Institutional investors need anchors. These are the closest comparable entertainment venue transactions in the Las Vegas and national market.
| Transaction | Implied Value |
|---|---|
| Vici Properties / MGM Grand | $625/SF |
| Brooklyn Bowl LV (LINQ) | ~$400M enterprise (portfolio) |
| The Sphere (MSG) | $131K/seat build cost |
| Park MGM Theater Renovation | ~$450/SF renovation |
| The Arena (Proposed) | $466/SF · $21K/seat |
The Arena's $21K/seat all-in development cost compares favorably to The Sphere at $131K/seat ($131,000 per seat) and new-build arenas at $40K–$80K/seat. The adaptive reuse model - preserving the 151,200 SF shell - delivers institutional-quality construction at a fraction of ground-up costs.
Adjust the assumptions below and watch the financial model recalculate in real time. Stress-test the numbers yourself - every investor should.

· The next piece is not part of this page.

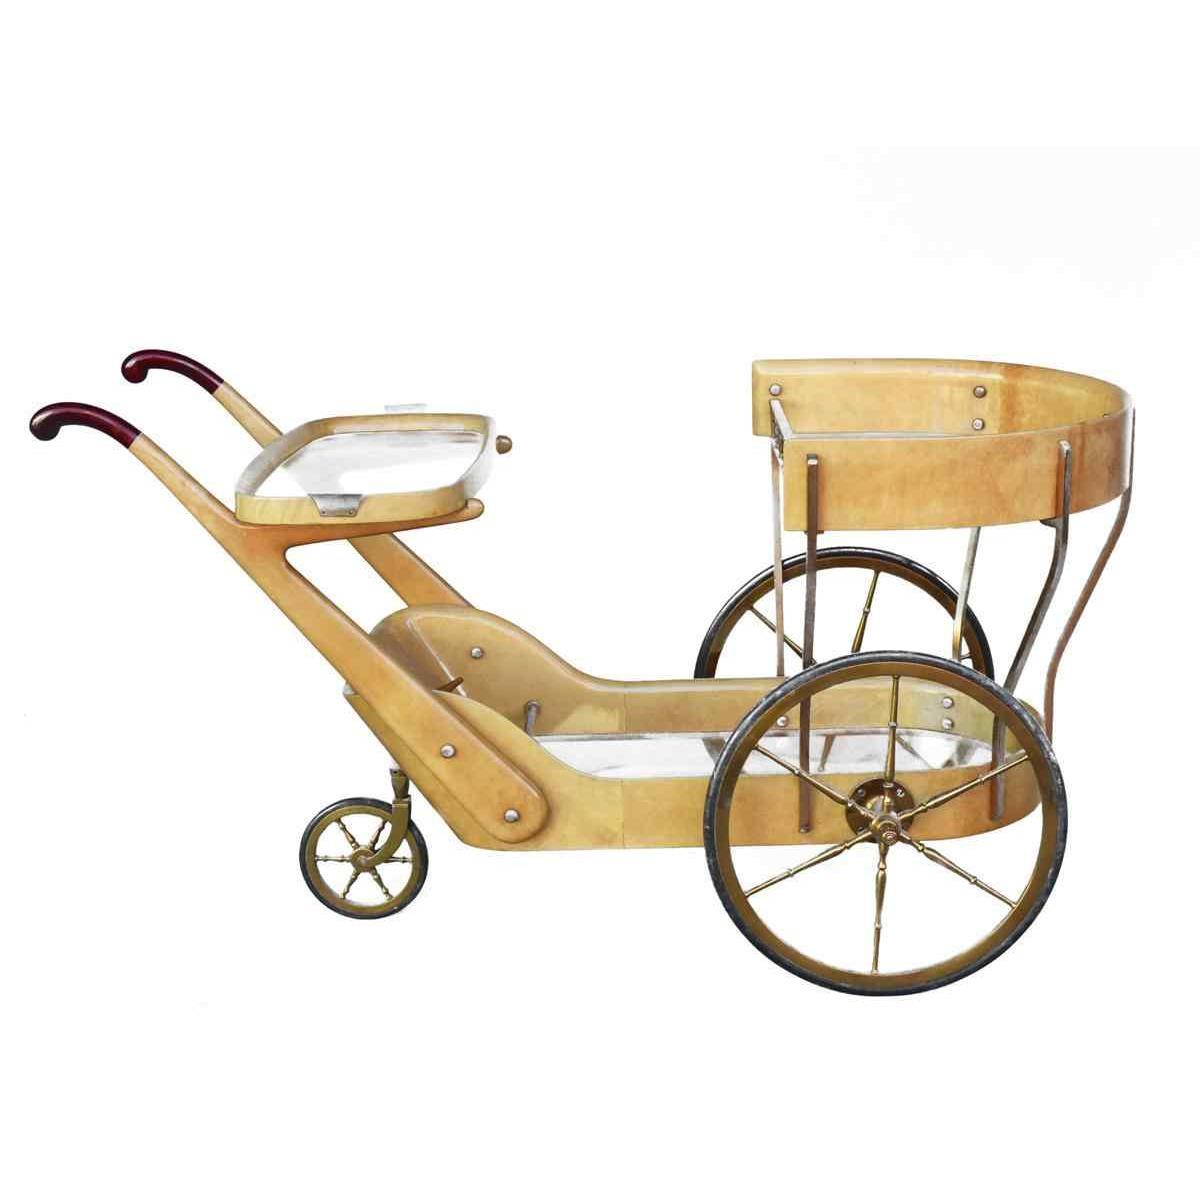 Aldo Tura barre de chariot parchemin

| Avg Attendance | 2,520 |
| Ticket Revenue | $42.6M |
| F&B Revenue | $21.0M |
| Ancillary Revenue | $11.2M |
| Total Revenue | $89.8M |
| Operating Expenses | ($44.7M) |
| EBITDA | $45.1M |
| EBITDA Margin | 50.2% |
| Debt Service | ($5.85M) |
| Net After Debt | $39.2M |
DSCR: 7.7x · Payback: ~2.0 years
Interactive model for illustration only. Ancillary revenue (gym, sponsorships, naming rights, parking, media, retail) held constant at $11.2M. OpEx scales with event count. All projections are management estimates.